Multicopters are usually under-actuated systems and have four independent DOF. The x,y position in the body frame is coupled to the roll and pitch angles. In order to overcome the under-actuated problem and to achieve independent control in all six DOF, a change in the multicopter platform needs to be implemented. Different solutions on how to improve the platform have been proposed, most of them suggest the tilting rotors concept in which the rotation is done by additional motors; the down side of adding motors is the additional weight without increasing the lifting power. In this paper we suggest a tilting rotors solution to the under-actuated problem without the down side mentioned.
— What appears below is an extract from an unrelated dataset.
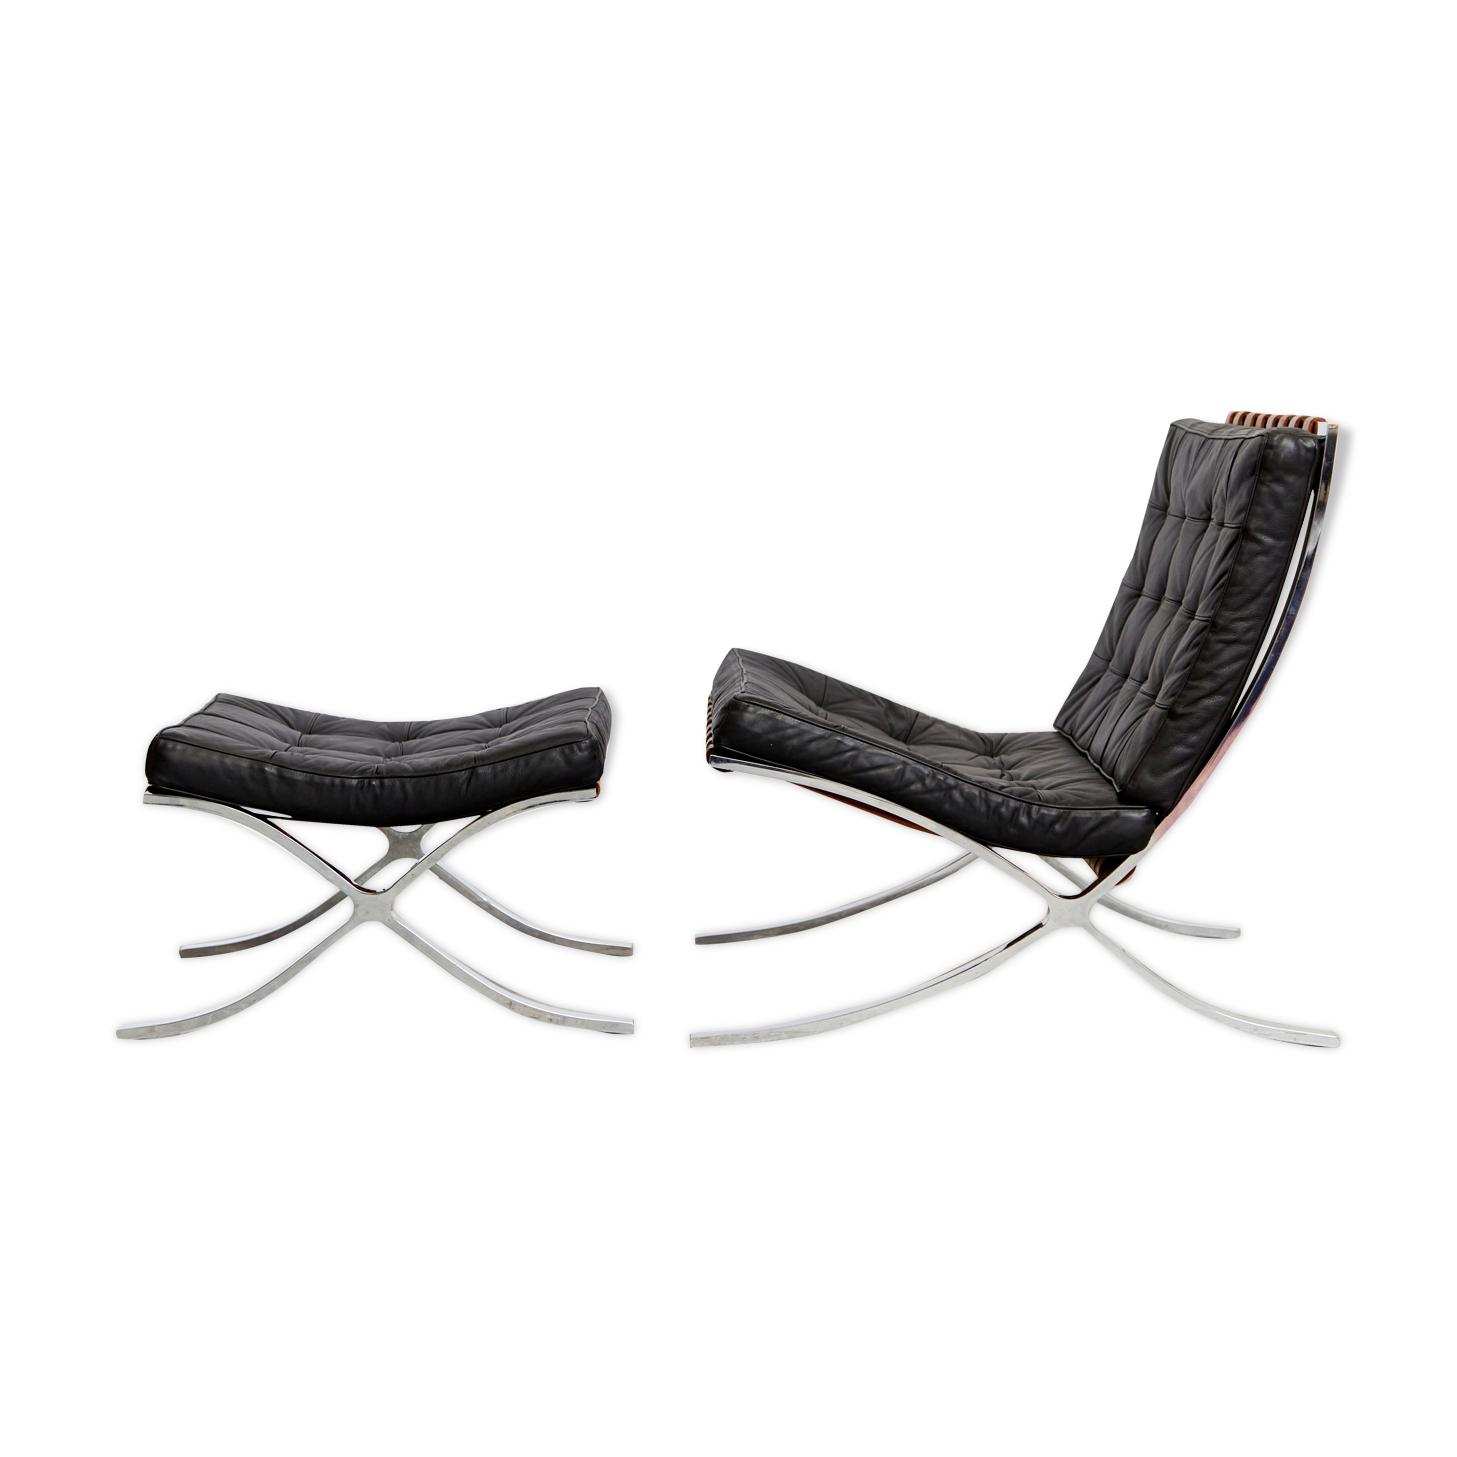 MR90 «Barcelona Chair & Ottomane» design Ludwig Mies van der Rohe, Knoll International

The paper presents a novel type of a multicopter with a unique platform. The platform gives the aerial vehicle the ability to control the roll angle and the y axis translational movement independently. The proposed hexacopter design features four rotors attached to the vehicle body and another two rotors attached to a seesaw, the seesaw is connected to the main body in the center of mass and can rotate along one body frame`s axis, by that the seesaw adds the fifth DOF. This design makes the aerial vehicle more maneuverable without adding non-supplying lifting power actuators.
The paper contains the dynamic modeling of a seesaw hexacopter, which lead to the equations of motion of the body (position, attitude) and the seesaw angle. Furthermore, a non-linear controller is developed to achieve a five DOF trajectory tracking capability.